Correct. Many philosophical mistakes start by blending nearby ideas too early. Separate them first; then decide whether the connection is real.

Not quite. That may work casually, but the page is asking for more care. If two terms do different jobs, merging them weakens the argument.

Not quite. The uncomfortable parts are often where the learning happens. This page is trying to keep those tensions visible.

Correct. The harder question is this: The recurring pressure is false certainty: treating a feeling of obviousness, a social consensus, or a useful assumption as if it had already earned the status of knowledge. The quiz is testing whether you notice that pressure rather than retreating to the label.

Not quite. Complexity is not a reason to give up. It is a reason to use clearer distinctions and better examples.

Not quite. The branch name gives the page a home, but it does not explain the argument. The reader still has to see how the idea works.

Correct. That is stronger than remembering a definition. It shows you understand the claim, the objection, and the larger setting.

Not quite. Personal reaction matters, but it is not enough. Understanding requires explaining what the page is doing and why the issue matters.

Not quite. Definitions matter when they help us reason better. A repeated definition without a use is mostly verbal memory.

Not quite. Evaluation should come after charity. First make the view as clear and strong as the page allows; then judge it.

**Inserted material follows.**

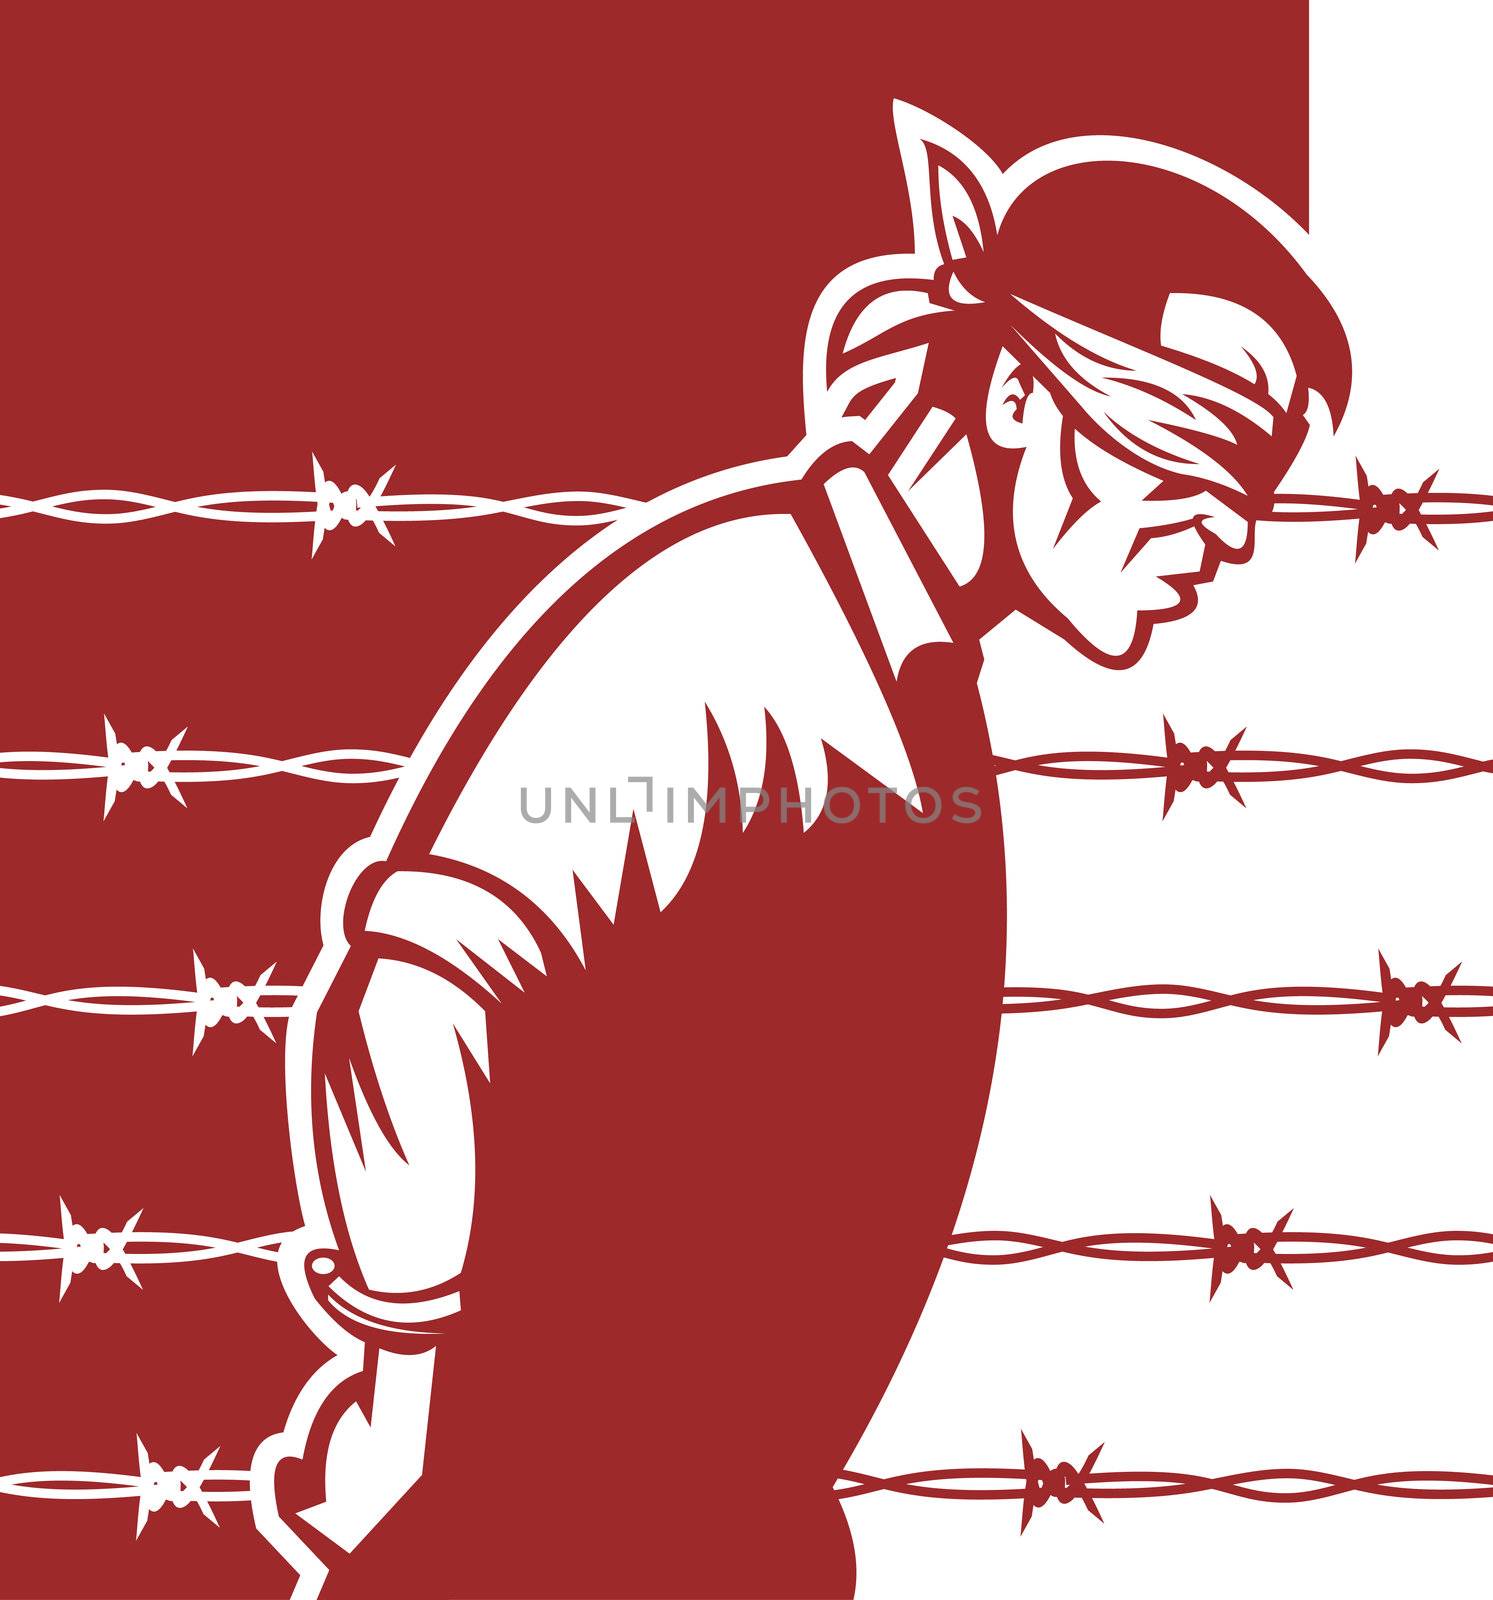 illustration of a Prisoner blindfolded and hands tied with barbed wire in background
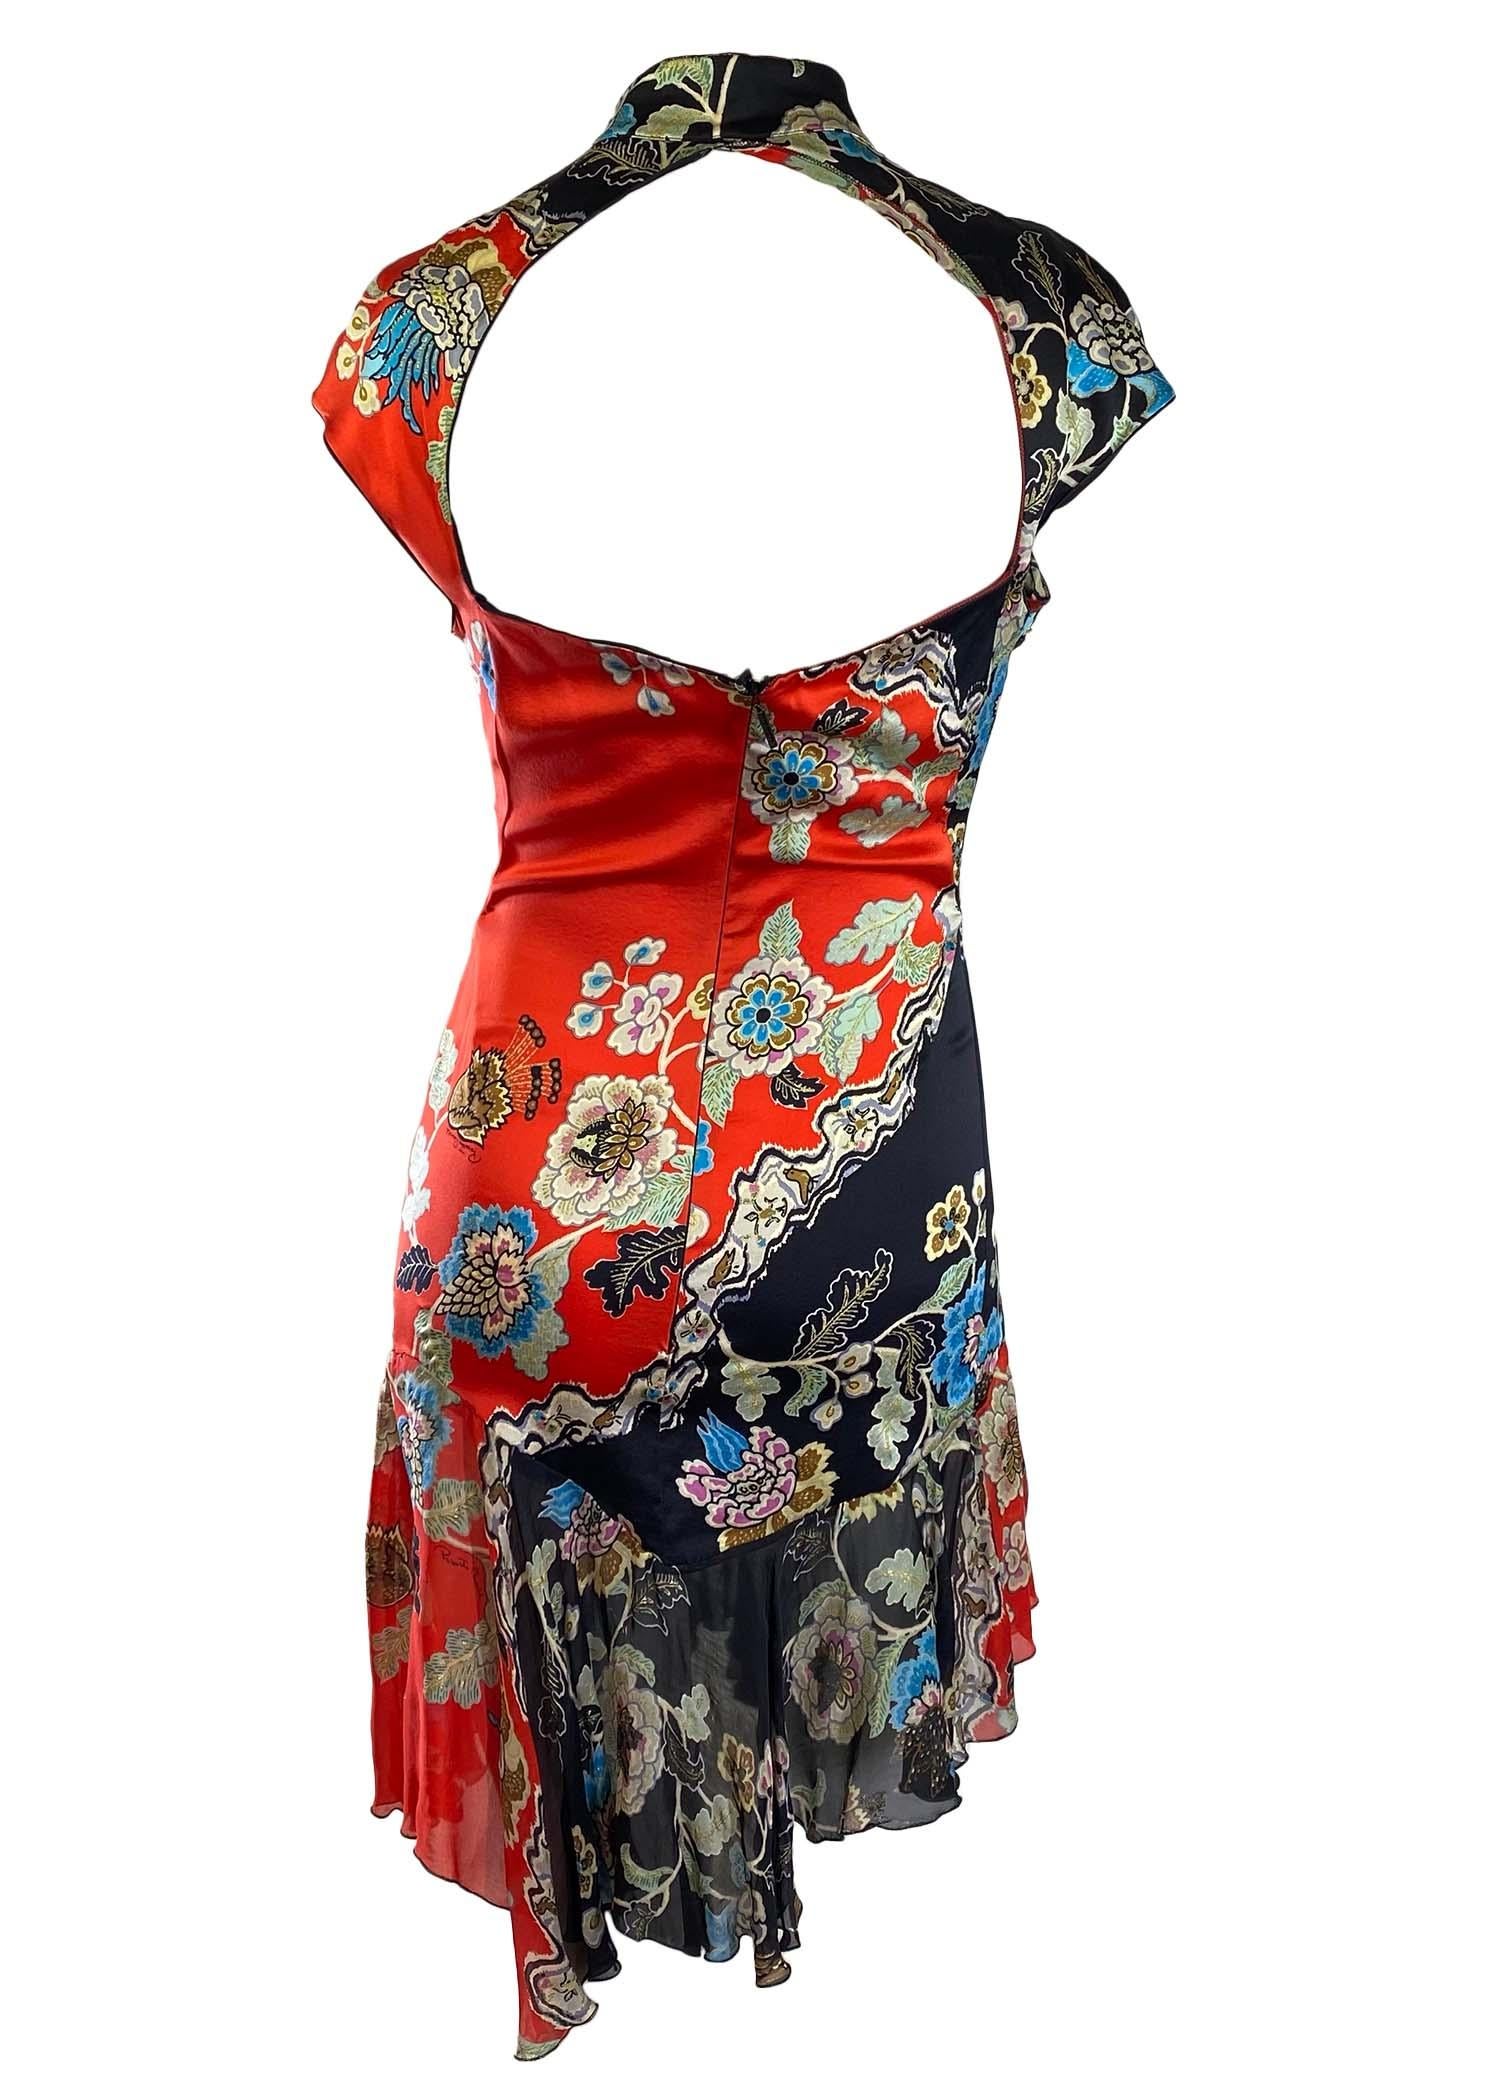 Brown S/S 2003 Roberto Cavalli Red Chinoiserie Cheongsam Cap Sleeve Dress Backless For Sale

Not quite. That is usually a good move. Strong objections help reveal whether the argument has real strength or only surface appeal.

Not quite. That is part of good reading. The archive depends on connection without careless merging.

Not quite. Qualification is not a failure. It is often what keeps philosophical writing honest.

Correct. This is the shortcut the page resists. A familiar word can feel clear while still hiding the real philosophical issue.

Not quite. The structure exists to support the argument. It should help the reader see relationships, not replace understanding.

Not quite. A good branch does not postpone clarity. It gives the reader a way to carry clarity into the next question.

Correct. Here, useful next steps include Case #1 – Credence Complexity, Case #2 – The Telephone Game, and Case #3 – Core Rationality. The links are not decoration; they show where the pressure continues.

Not quite. Links matter only when they help the reader think. Empty branching would make the archive busier but not wiser.

Not quite. A slogan may be memorable, but understanding requires seeing the moving parts behind it.

Correct. This treats the synthesis as a tool for further thinking, not just a closing paragraph. In the page's own terms, The best route is to track how evidence changes credence, how justification differs from psychological comfort, and how.

Not quite. A synthesis should gather what has been learned. It is not just a polite way to stop talking.

Not quite. Philosophical work often makes disagreement sharper and more responsible. It rarely makes all disagreement disappear.

Future Branches

Where this page naturally expands

Nearby pages in the same branch include Case #1 – Credence Complexity, Case #2 – The Telephone Game, Case #3 – Core Rationality, and Case #5 – Vanishing Probabilities; those links are not decorative, but suggested continuations where the pressure of this page becomes sharper, stranger, or more usefully contested.